## Supplied data
- Opening Delimiter -

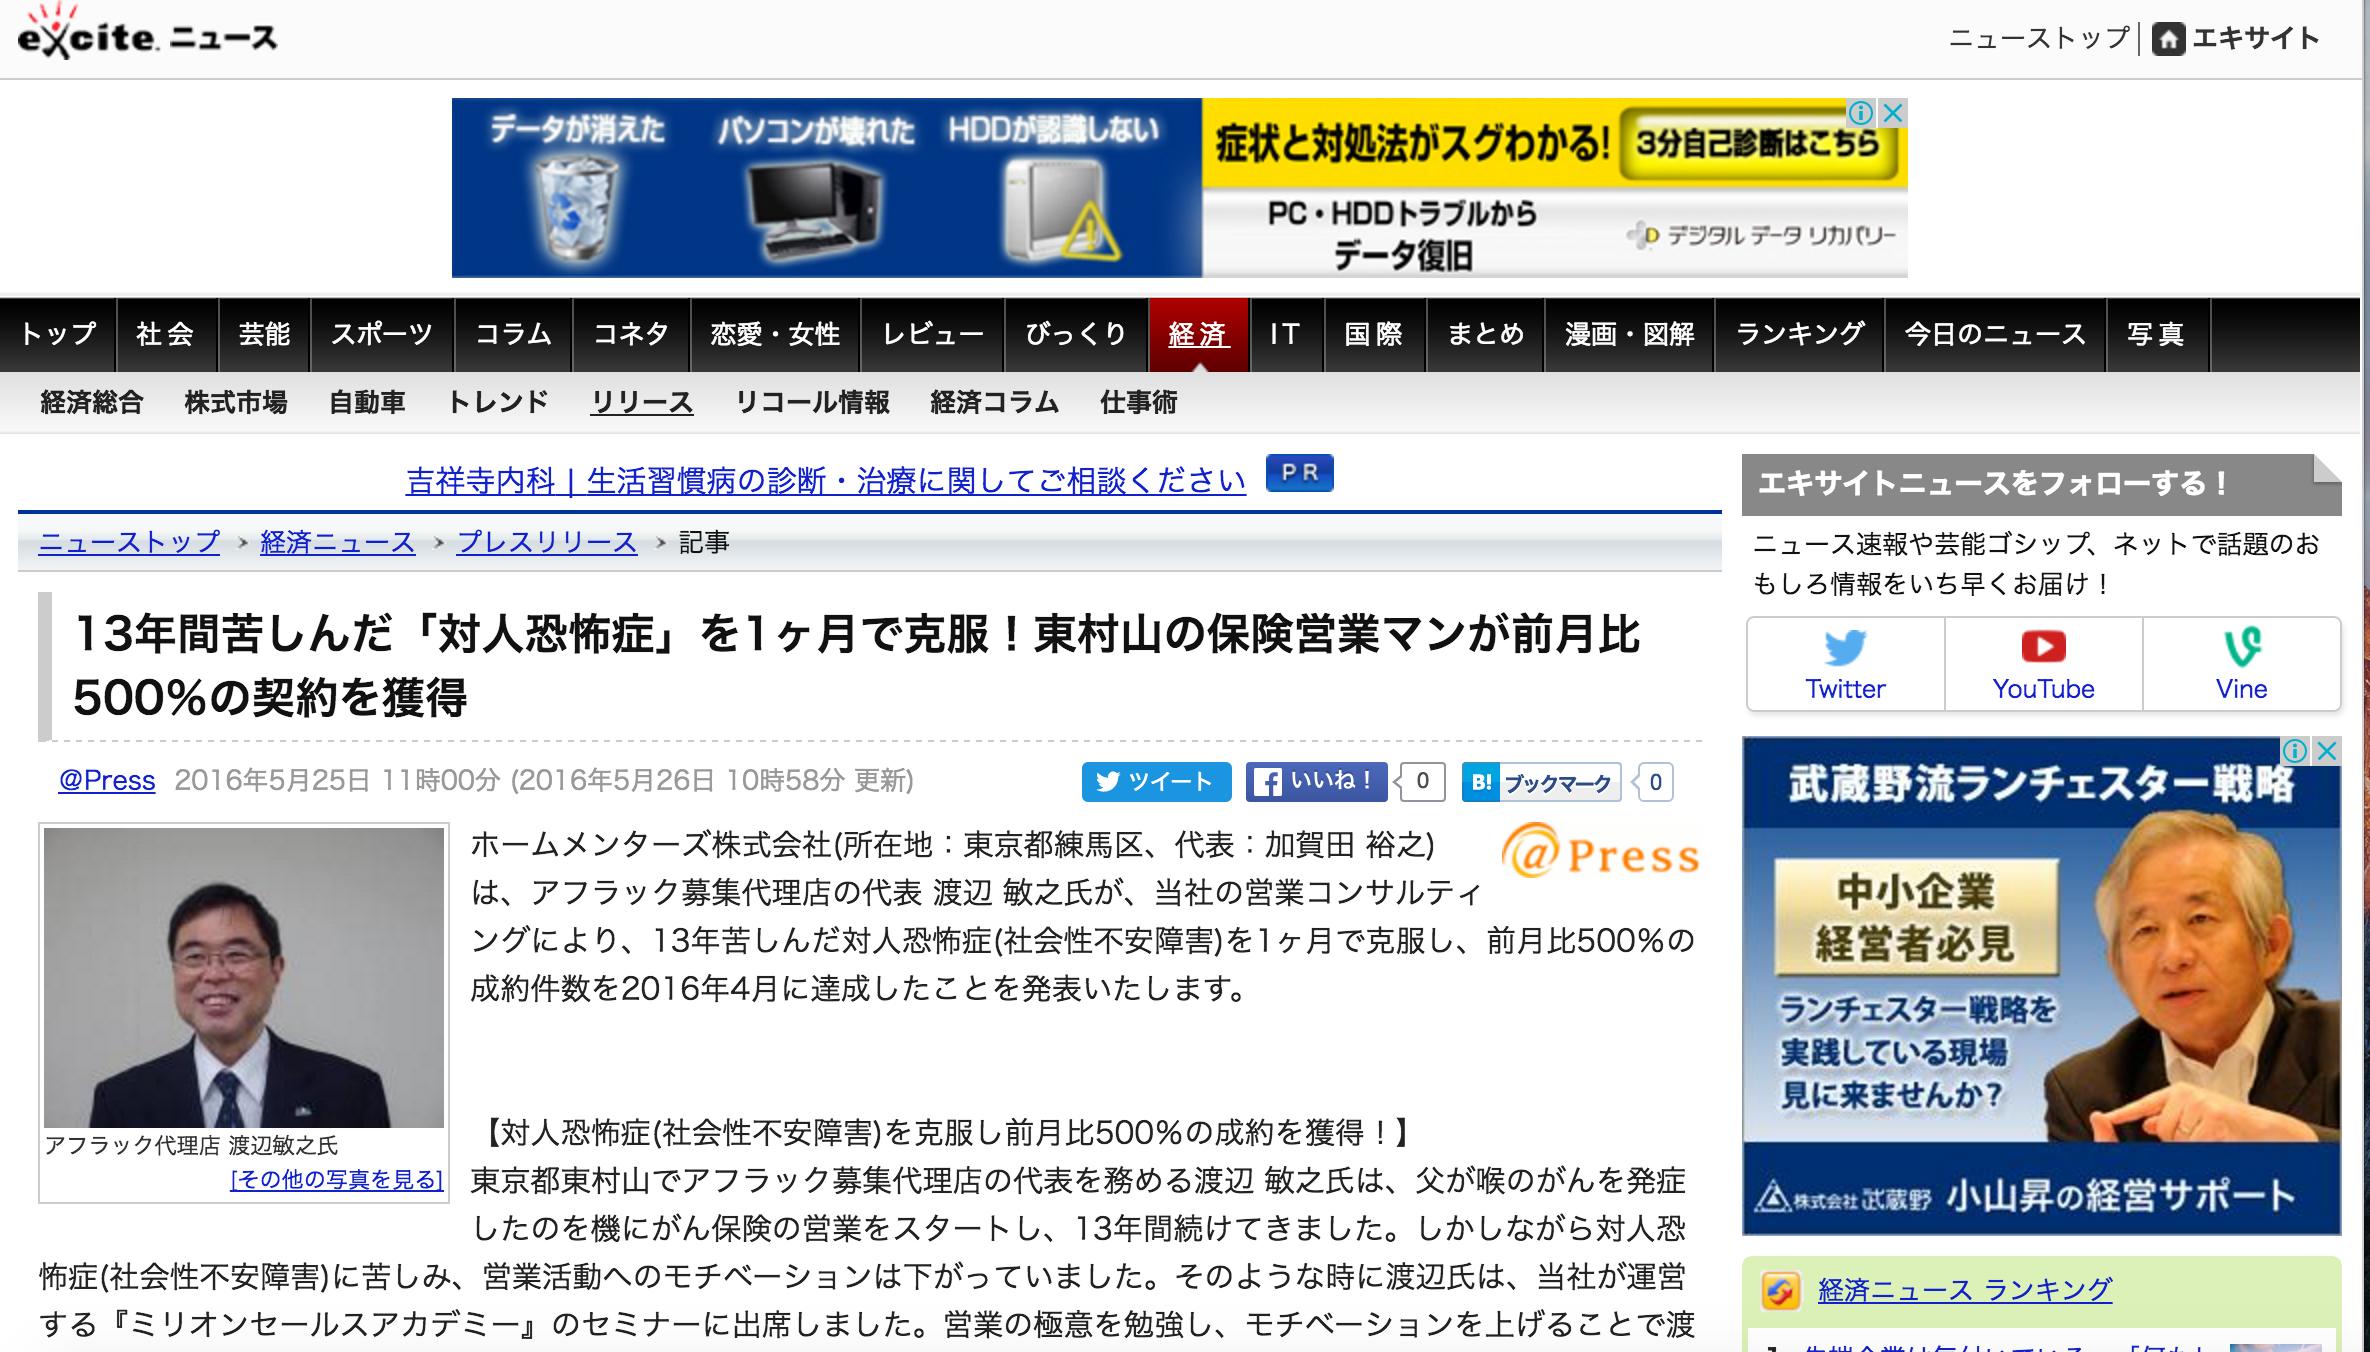 営業セミナー:エキサイトニュース
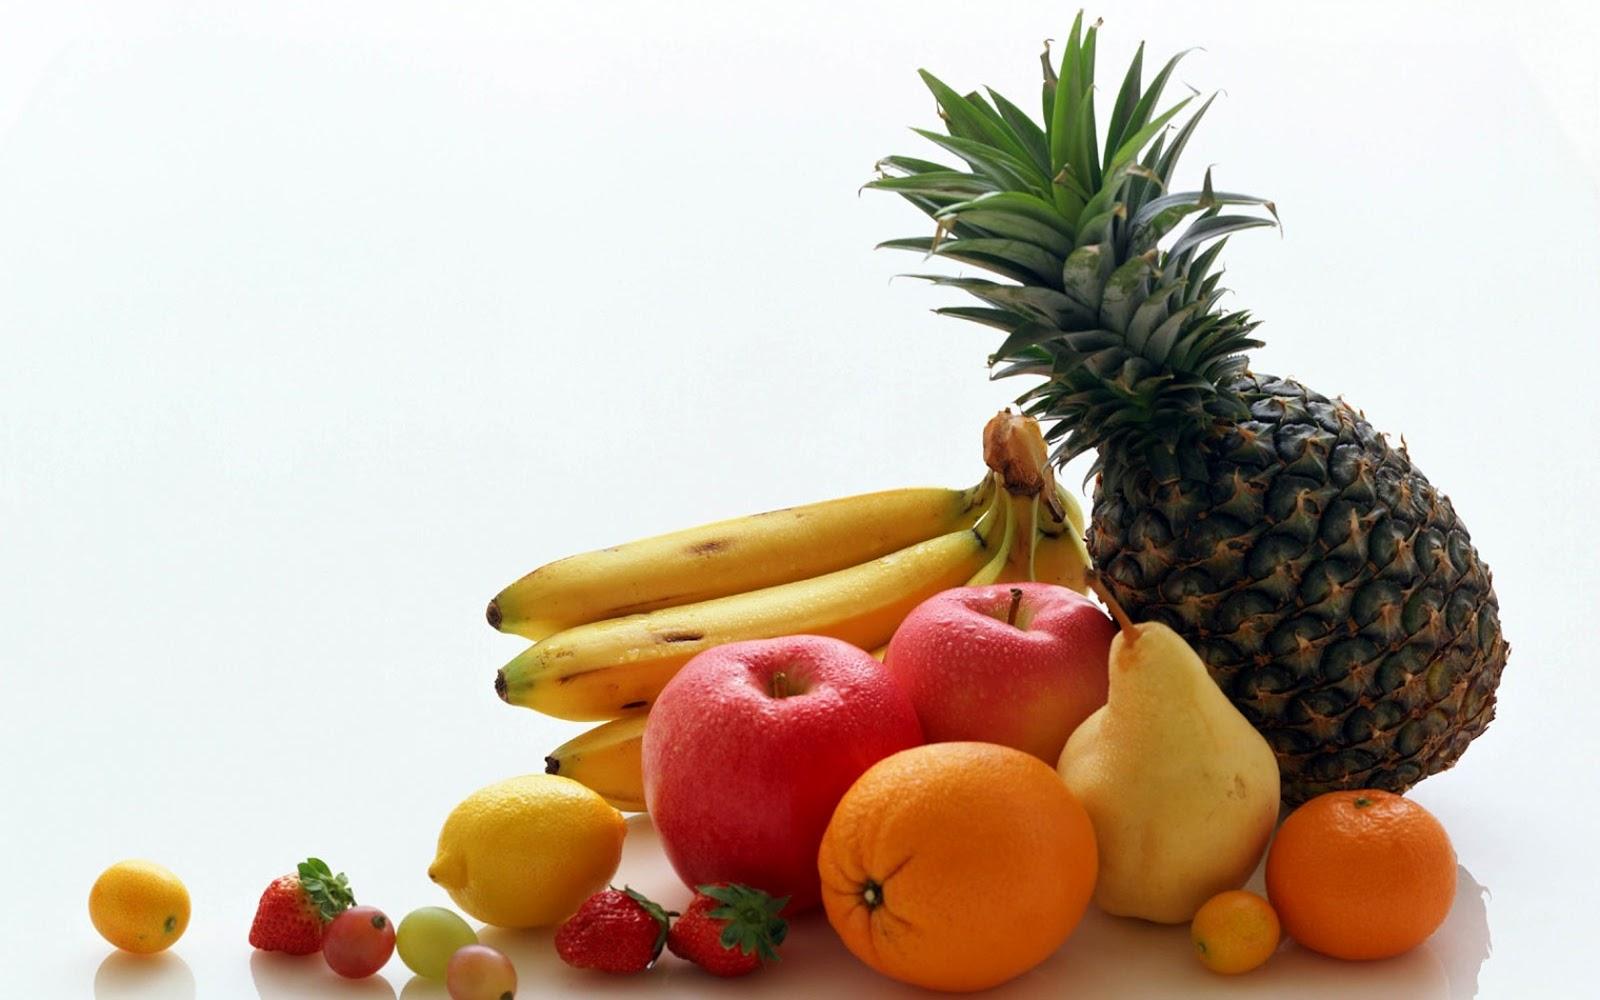 fruits hd wallpapers 1080p fruits hd wallpapers 1080p fruits hd 1600x1000
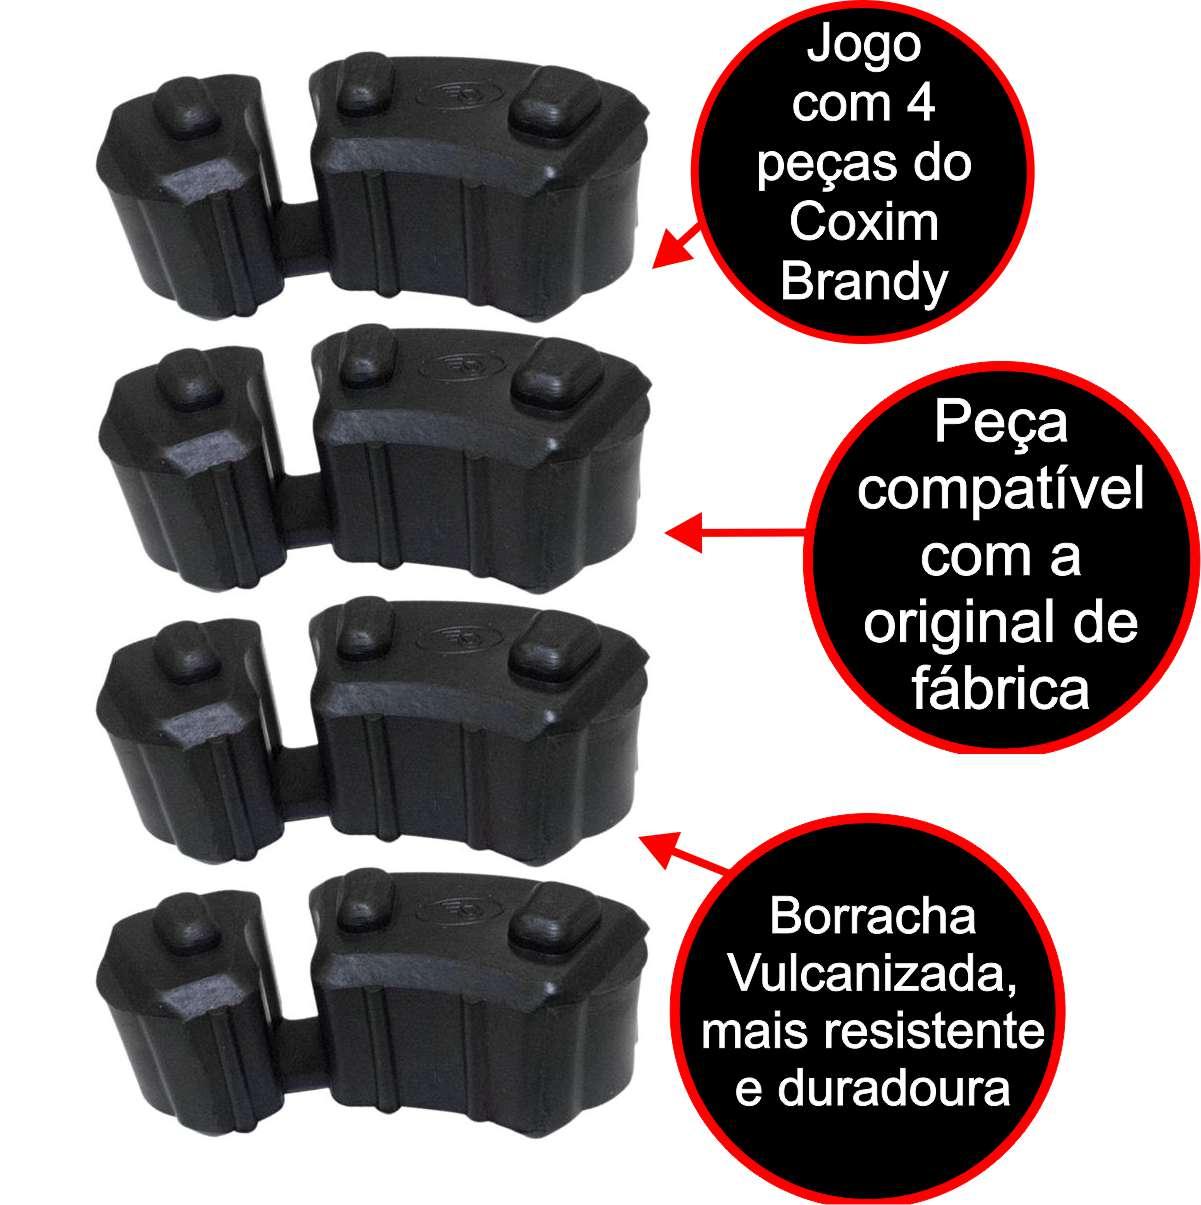 COXIM BRANDY CUBO TRASEIRO BORRACHA RODA MOTO BMW F 650 GS 2008 até 2011 - BMW F 800 GS

- Closing Delimiter -

## Work to be completed
Look for the line that contains "fruits hd wallpapers 1080p fruits", then please copy it and the rest of the lines through the end of the data, pictures excluded.

## Exercise output
 fruits hd wallpapers 1080p fruits hd wallpapers 1080p fruits hd 1600x1000
 COXIM BRANDY CUBO TRASEIRO BORRACHA RODA MOTO BMW F 650 GS 2008 até 2011 - BMW F 800 GS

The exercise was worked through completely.